There's a chap called Tim Worstall who writes a blog and who seems pretty fixated on what I write.
The difficulty for Tim Worstall (who, I believe considers himself a libertarian right winger and so carries with him all the baggage that goes with those labels) is that he seem to have little understanding of the issues about which he comments, at least where I am involved.
1. I start my analysis using company accounts;
2. I recognise that there are flaws in company reporting which limit their usefulness for this purpose, and
3. I recognise that there are differences between accounting and taxable profits in the work that I do, but only a limited number of those differences can be identified and so adjusted for in the analysis I undertake.
As a result he declares that my work cannot form the basis for any credible policy recommendations.

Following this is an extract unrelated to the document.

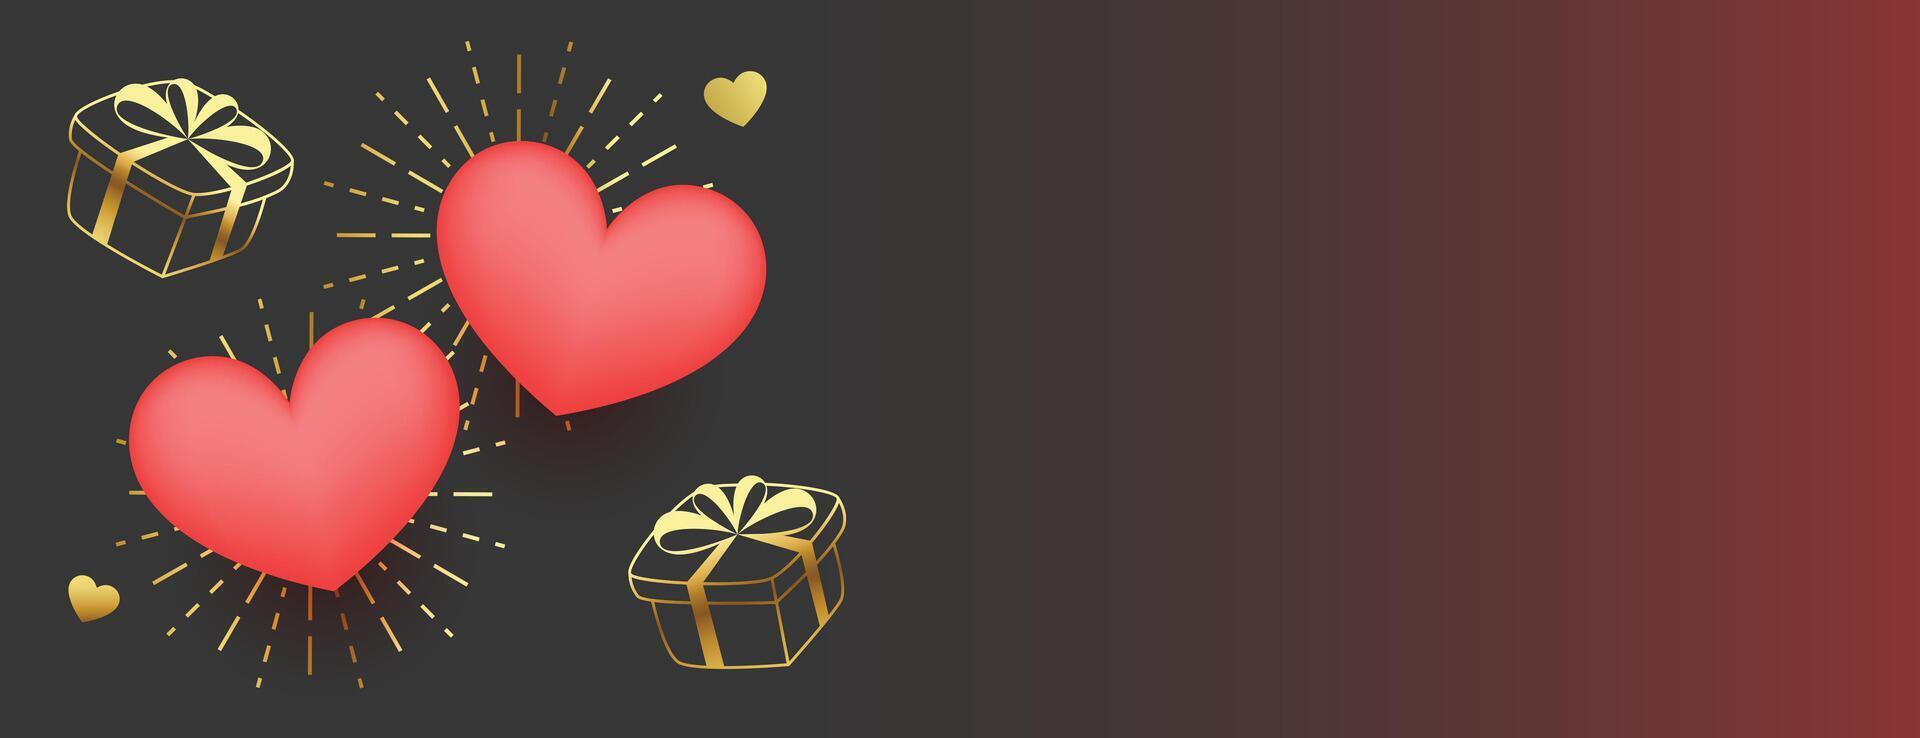 lovely valentines day greeting banner with 3d hearts and golden gift boxes vector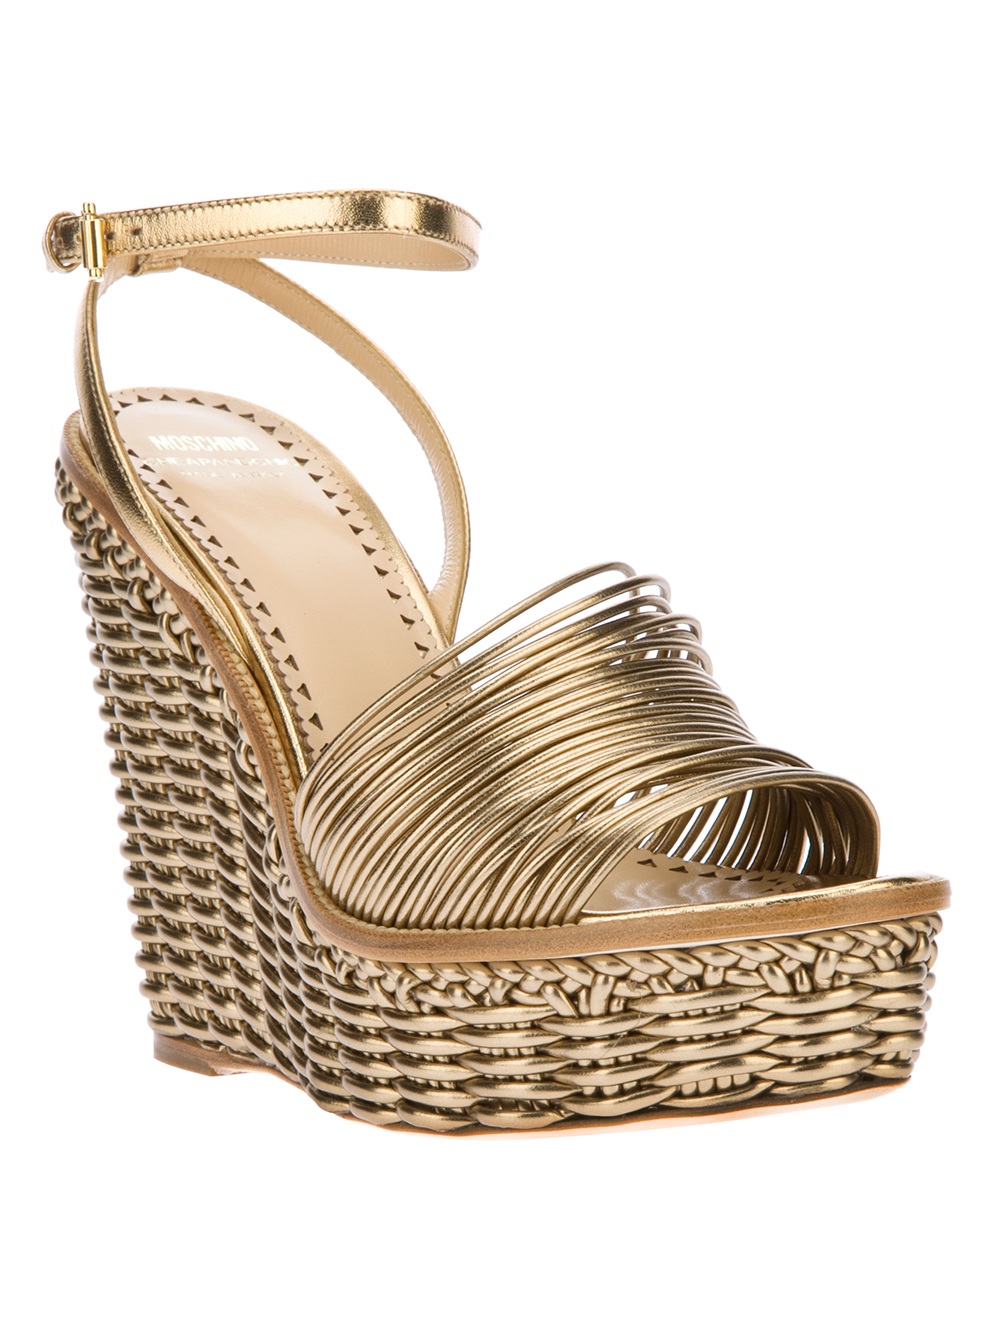 Moschino Cheap & Chic Woven Wedge Sandal in Gold | Lyst

So let me compare my approach with that Mike Devereux uses in his paper on tax incidence, which arguments Tim Worstall believes absolutely correct. Mike Devereux:
1. Starts his analysis using company accounts;
2. Does not explicitly recognise that there are flaws in company reporting which limit their usefulness for this purpose, and
3. Does not seek to adjust reported company data to allow for those necessary adjustments, such as excluding non tax allowable goodwill charges and adding back unpaid deferred taxation that will undoubtedly produce an estimate of the effective tax rate closer to that actually suffered than that declared on the face of the profit and loss account, which is he figure he uses.
Despite these flaws in the approach to the data he uses Mike Devereux does draw conclusions which others are using as the basis of policy recommendations, even if Mike is not. In fact, most academic tax papers on tax rates use the approach Mike Devereux uses.
Now, ask yourself. If you were going to suggest who was seeking greater objectivity who would you choose? The person who explicitly accepts the limitations in his data, and seeks to adjust for it, or the person who just ignores the issue? And which set of data is likely to produce the more objective result? I'm biased, of course, but I know my answer.
What's yours Tim Worstall, and why?
And what would you do better?